Source data
=== Begin Enclosure ===

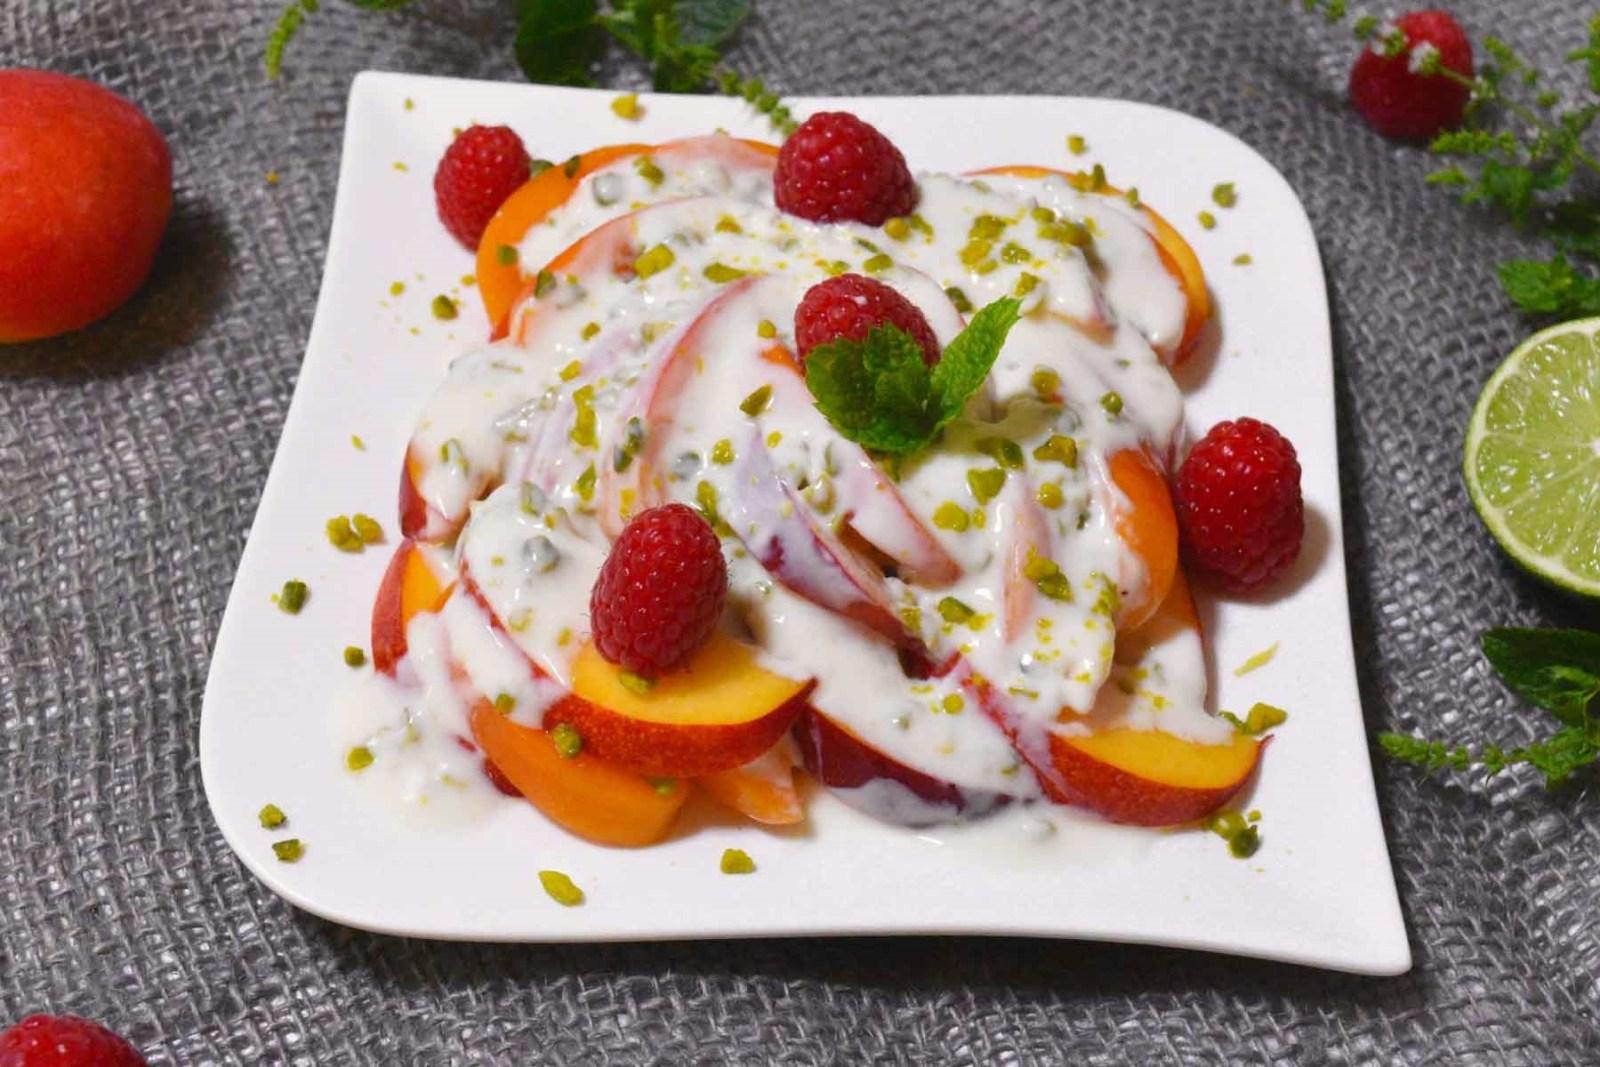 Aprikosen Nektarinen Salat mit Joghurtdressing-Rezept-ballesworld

=== End Enclosure ===
=== Begin Enclosure ===

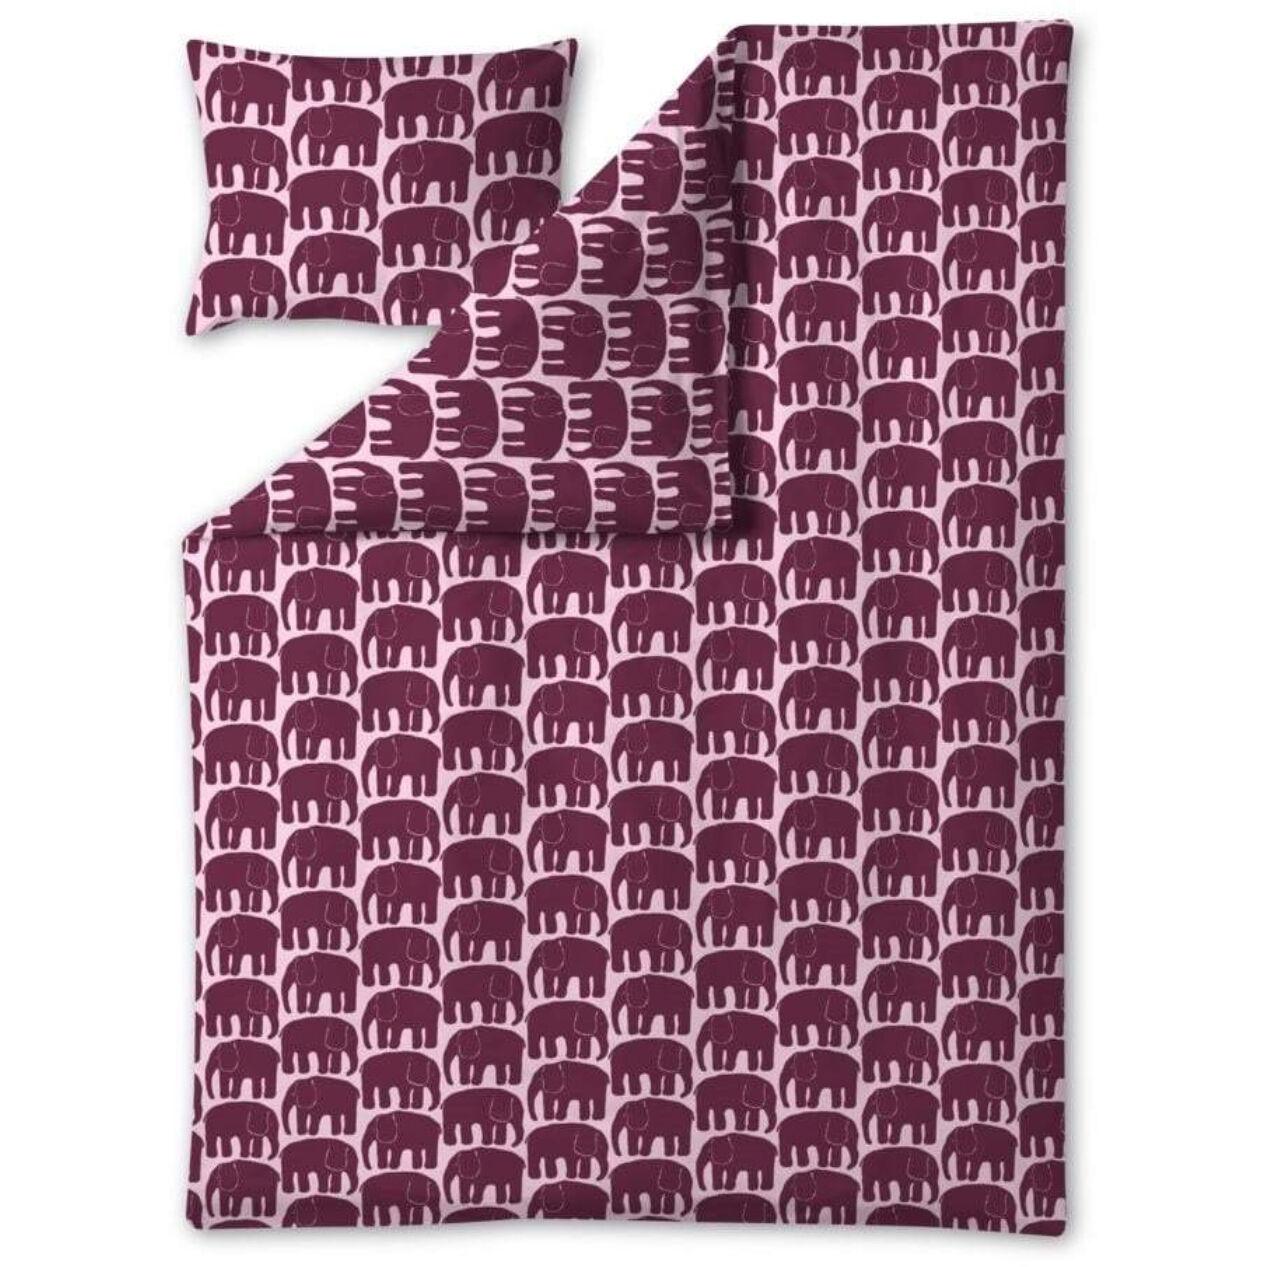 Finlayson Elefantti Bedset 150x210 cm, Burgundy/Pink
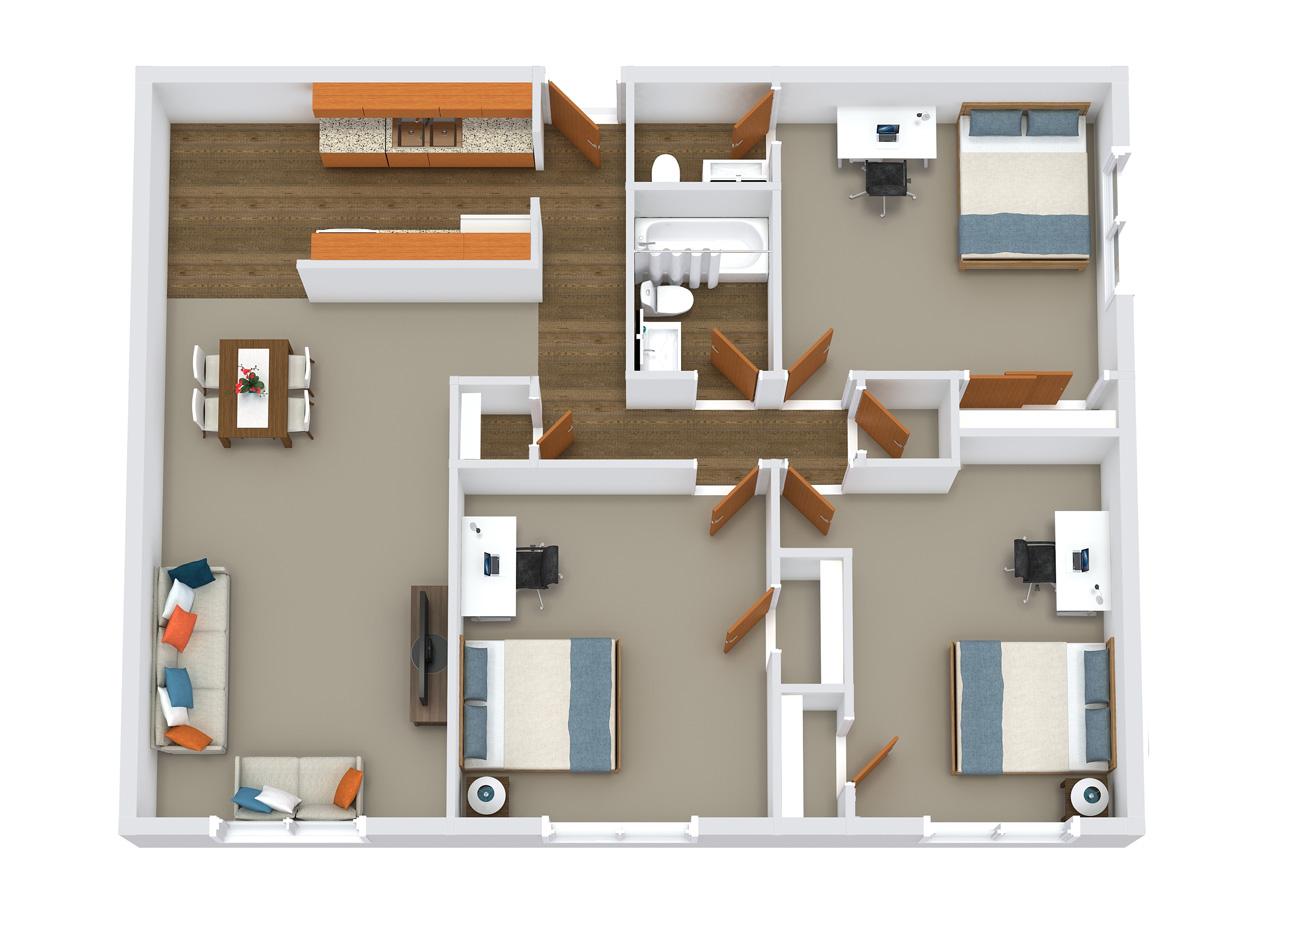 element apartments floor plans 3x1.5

=== End Enclosure ===

Activity
Repeat, word for word, the lines of the material above from the one holding "Finlayson Elefantti Bedset" through the one holding "element apartments floor plans 3x1.5". Leave out pictures.

Reply to the exercise
 Finlayson Elefantti Bedset 150x210 cm, Burgundy/Pink
 element apartments floor plans 3x1.5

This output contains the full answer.